Another area of substantial discrepancy is between the subsidy numbers provided by the city and EOS’s subsidy calculations.
City staff also assigned zero value to the six digital billboard sites the city is giving away as part of the arena deal. But EOS found the sites are worth $18 million based on values established in a deal the city cut with Clear Channel Outboard just last year.
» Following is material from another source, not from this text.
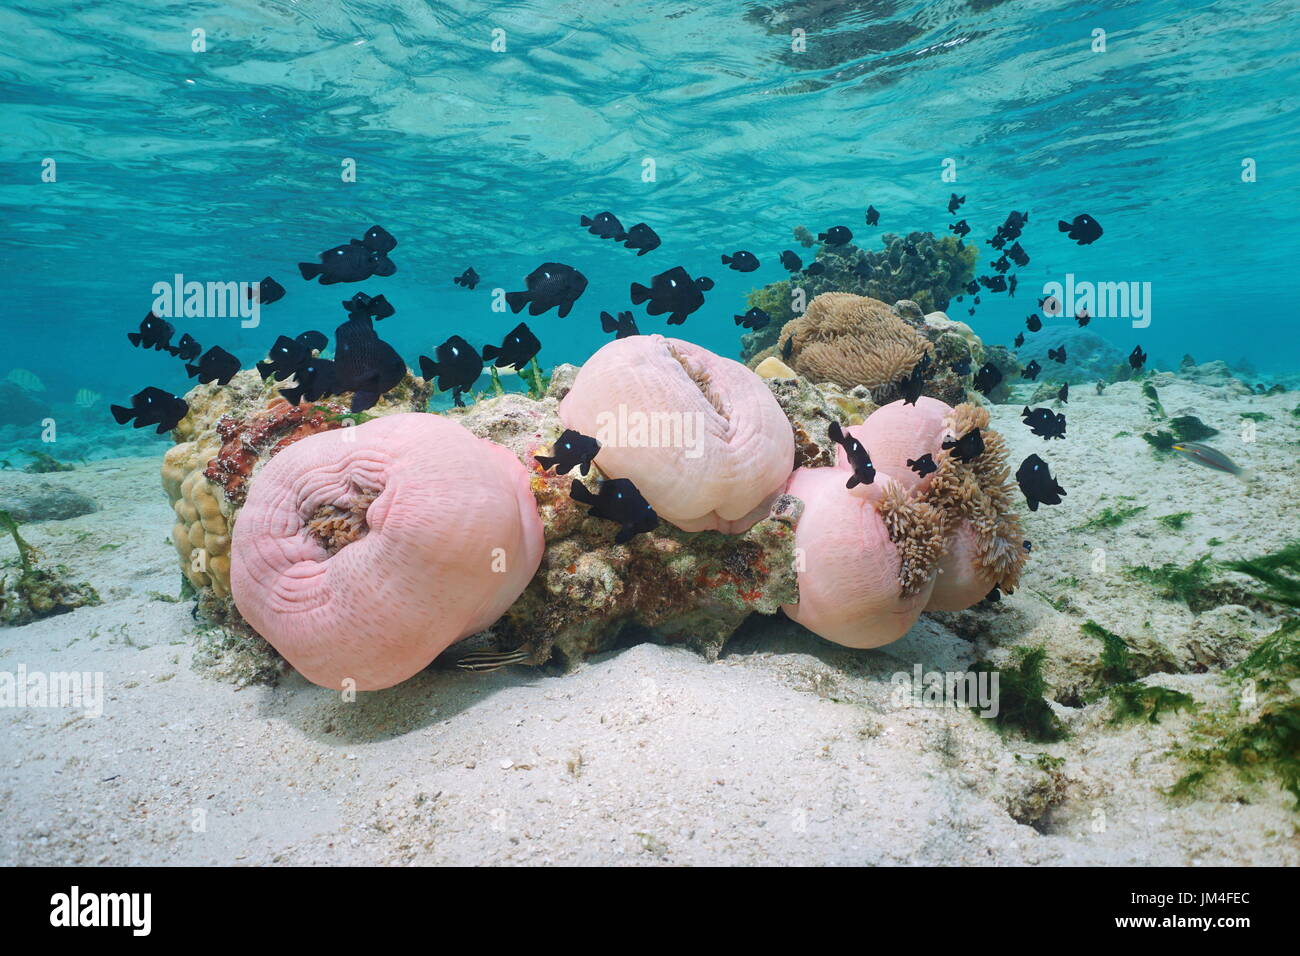 Sea anemones with fish threespot dascyllus damselfish, underwater in the lagoon of Bora Bora, Pacific ocean, French Polynesia, Oceania Stock Photo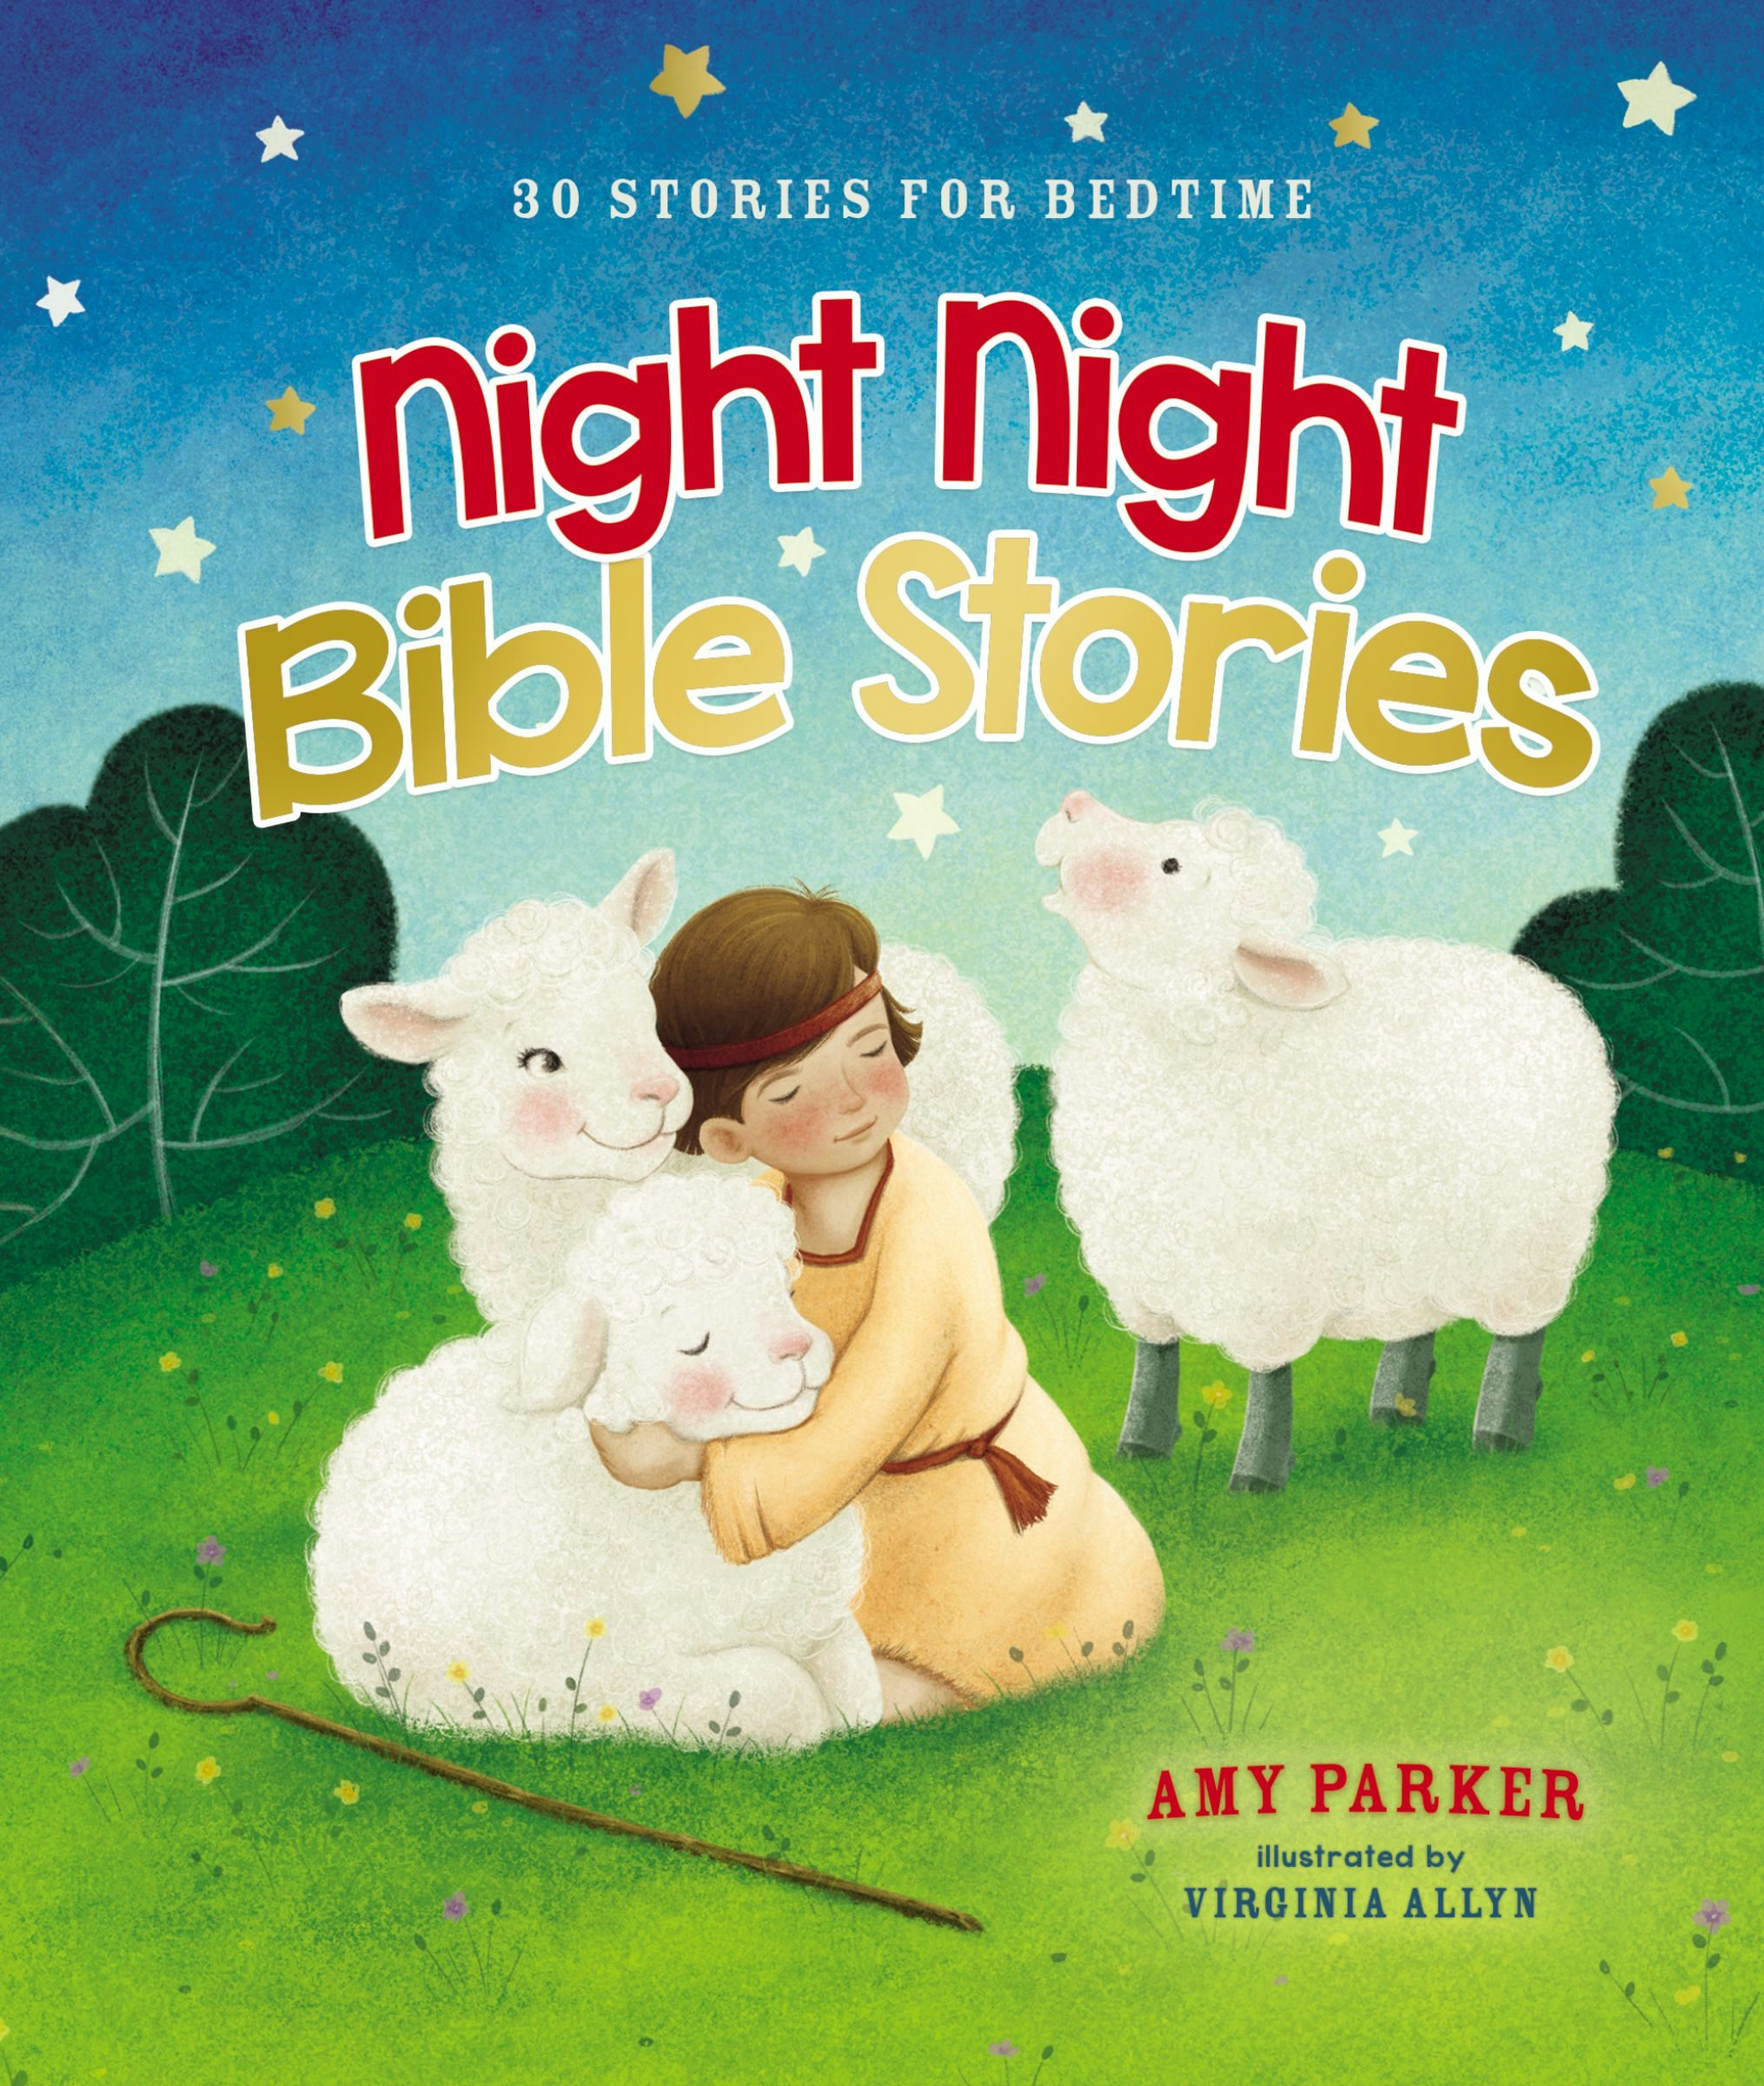 Эми Паркер. The story 30. The Baby Duck stories by Amy hest. Аудиокниги для детей на ночь

The remaining discrepancies are due to the city staff’s gross under-valuation of the six land parcels the city is also giving away to the developers. EOS found two of the six parcels to be worth four to six times the values assigned by staff.
Opposition
Because of the lack of public debate about the arena deal, as well as the highly dubious numbers put out by the city over the growing public subsidy, groups are joining efforts to oppose the arena in Sacramento for the Kings pro basketball team unless it is first put before voters for a vote.
A recent poll by the opposition group Sacramento Taxpayers Opposed to Pork found 78 percent of the respondents favor a public vote on taxpayer subsidies for the arena. Yet Steinberg and Sacramento Mayor Kevin Johnson, a former NBA player, have forged ahead as if it’s already a done deal.
And despite the Steinberg fast-tracked legislation now signed by Gov. Jerry Brown, I suspect the effort to put an initiative on the ballot will heat up.